Tive vontade de socá-lo, talvez de enfiar, desta vez eu, uma faca em suas costas.
– Pensei num pseudônimo feminino, porque, você sabe, minha verdadeira alma é feminina. Um pseudônimo feminino e cervantino.
– Cervantino?
– sim, uma homenagem ao grande Dom Miguel de Cervantes Saavedra, gênio da literatura, aquele que reuniu num único livro, todas as possibilidades (idem, p. 119).

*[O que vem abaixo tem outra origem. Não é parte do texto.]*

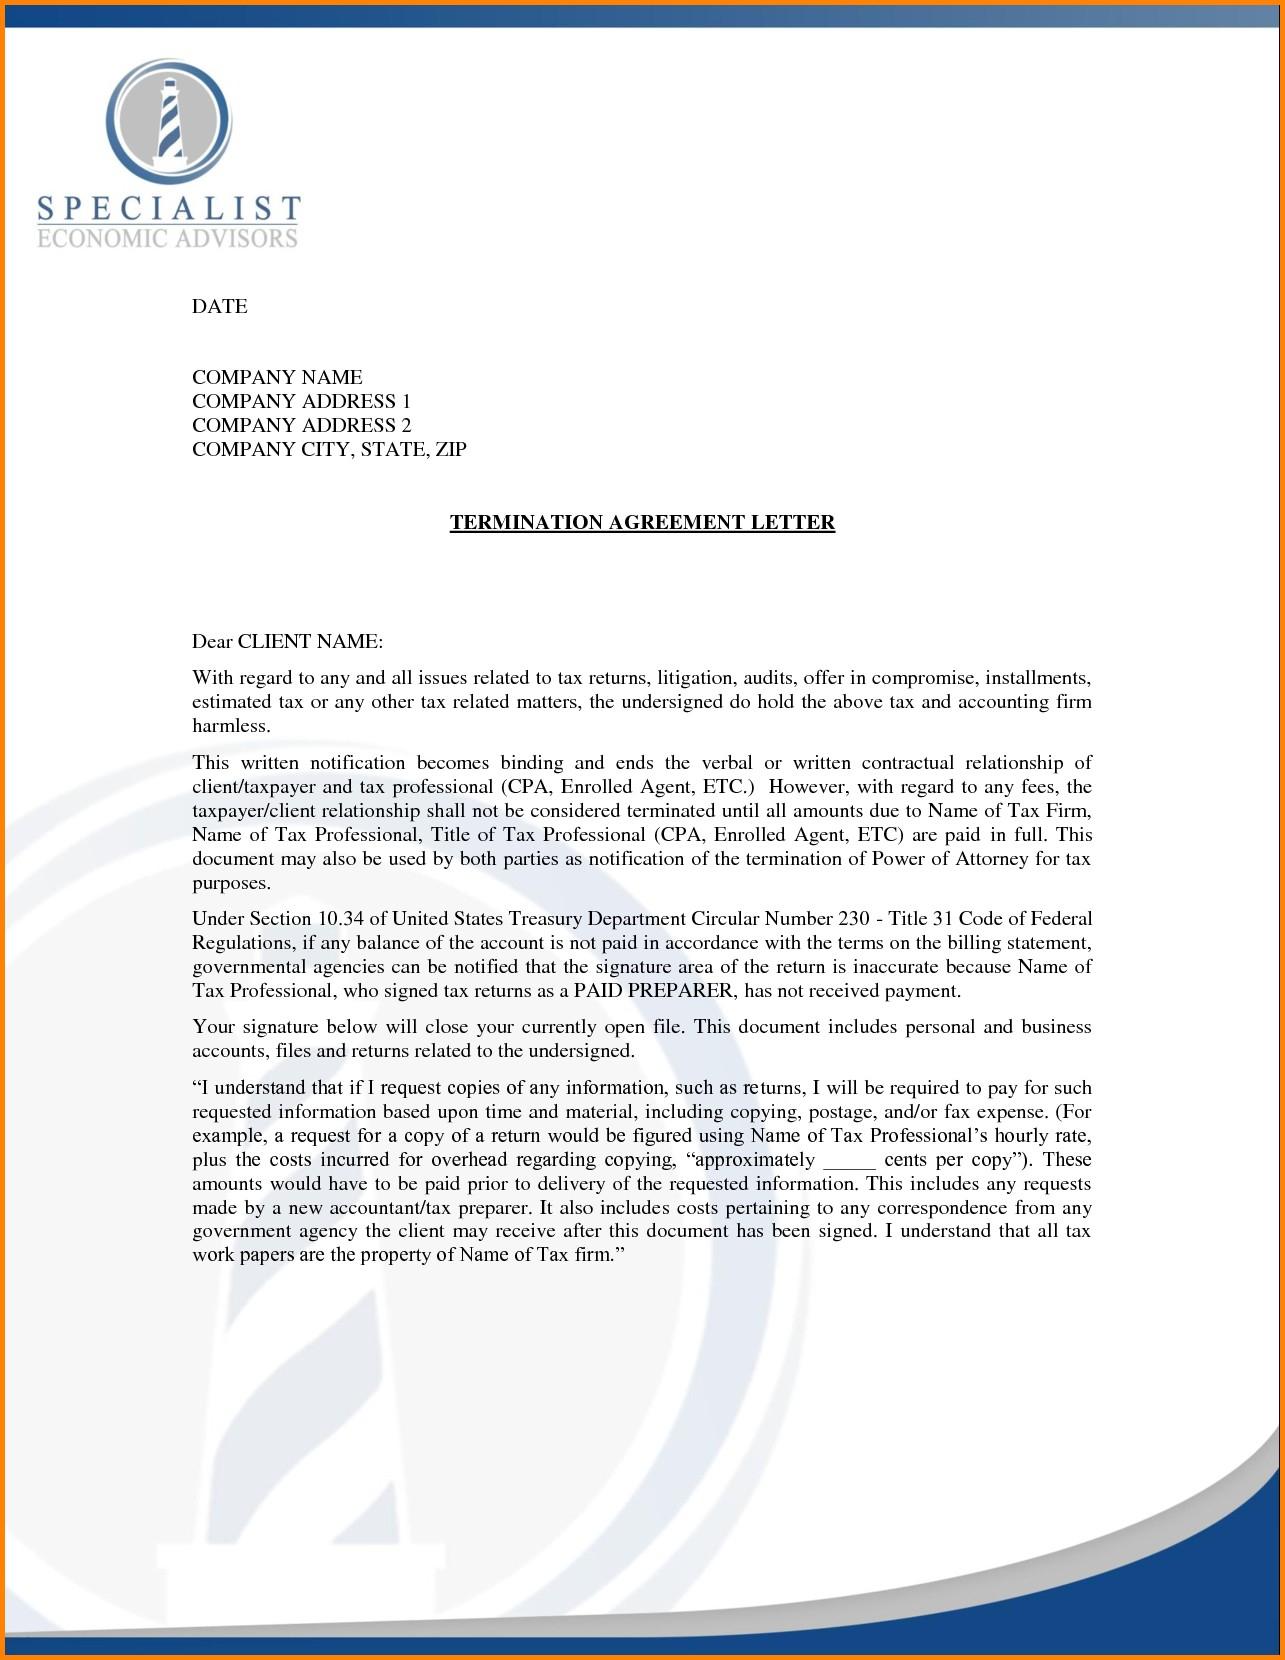 Client Termination Letter Template - Business Letter format for Termination Refrence 2 Termination Letter

Anna e Mike não se conheceram. Mas a mãe de Anna conheceu a alemãzinha, sim; e estava na presença da avó que, por estar entre parêntesis boa parte da narrativa, não foi avistada por Mike que amou a Lupe, mas parece que não muito, que amou a Inês, que estava de casamento marcado. Na verdade não ficamos sabendo mesmo se Mike amou de verdade ou profundamente alguém; sequer a Max, o quase profeta que a induziu a vir ao Brasil.

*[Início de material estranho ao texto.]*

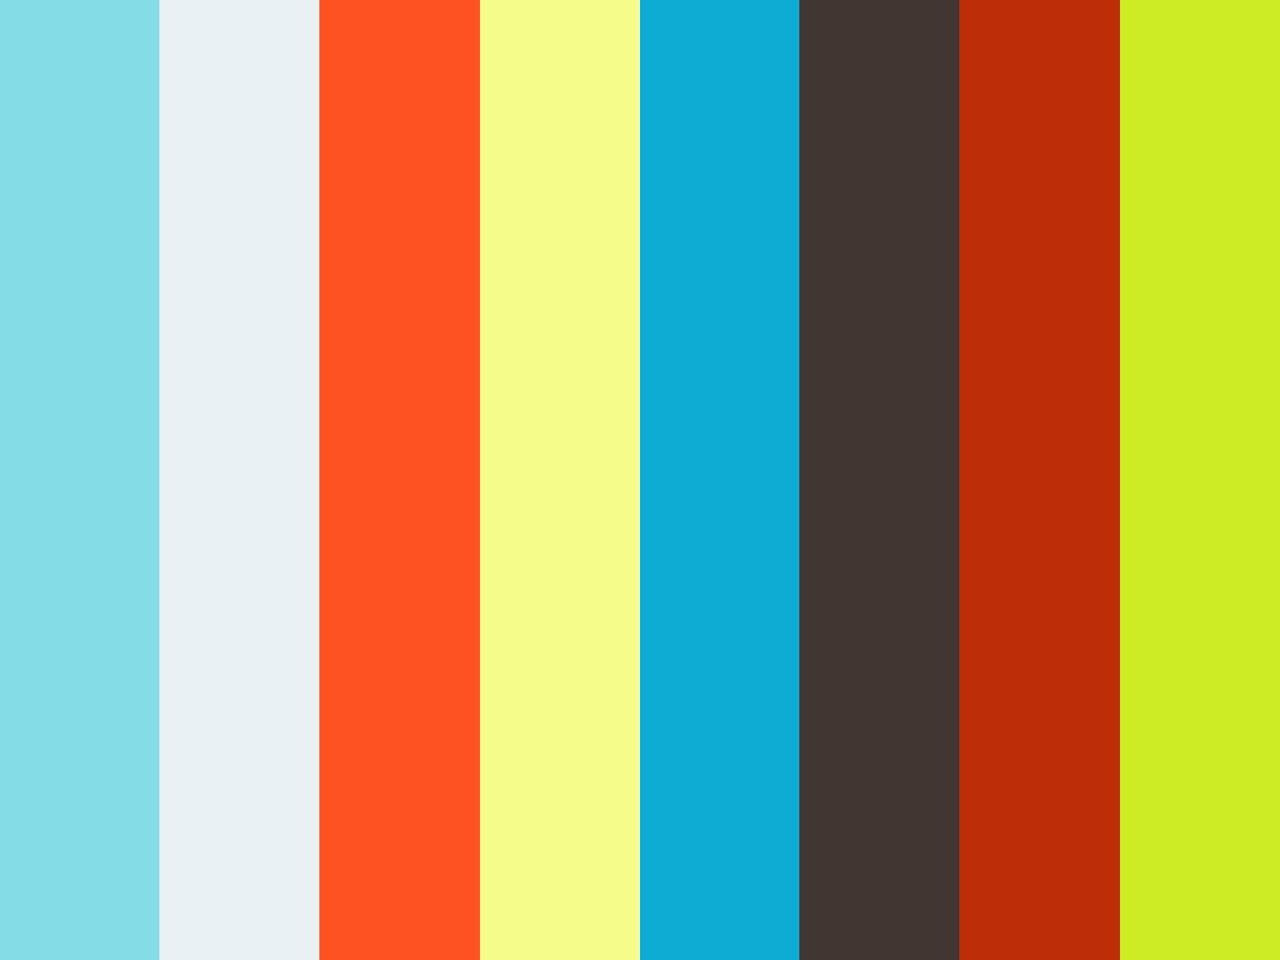 Signature Collaboration: Paul Knox & Tony Tee Neto Rock Clarks Landing, Pt Pleasant #LGBT #DJPaulKnox #TonyTeeNeto #sceKevinBob

Anna encena o seu drama. Descobre que o lado de dentro também é o de fora. Para os bebês o dentro é mais confortável que o fora. “… vai, vai, ali uma casinha, um rio, o espaço dentro-fora, as pedras amarelas” (idem, p. 200). Antes de voltar para casa, seu lado de dentro, COM ARMAS SONOLENTAS deve estar em sua estante. Fica a dica: para ficar por dentro sobre Carola Saavedra, se não, continue por fora.
REFERÊNCIA
SAAVEDRA, Carola. Com Armas Sonolentas. São Paulo: Companhia das Letras, 2018.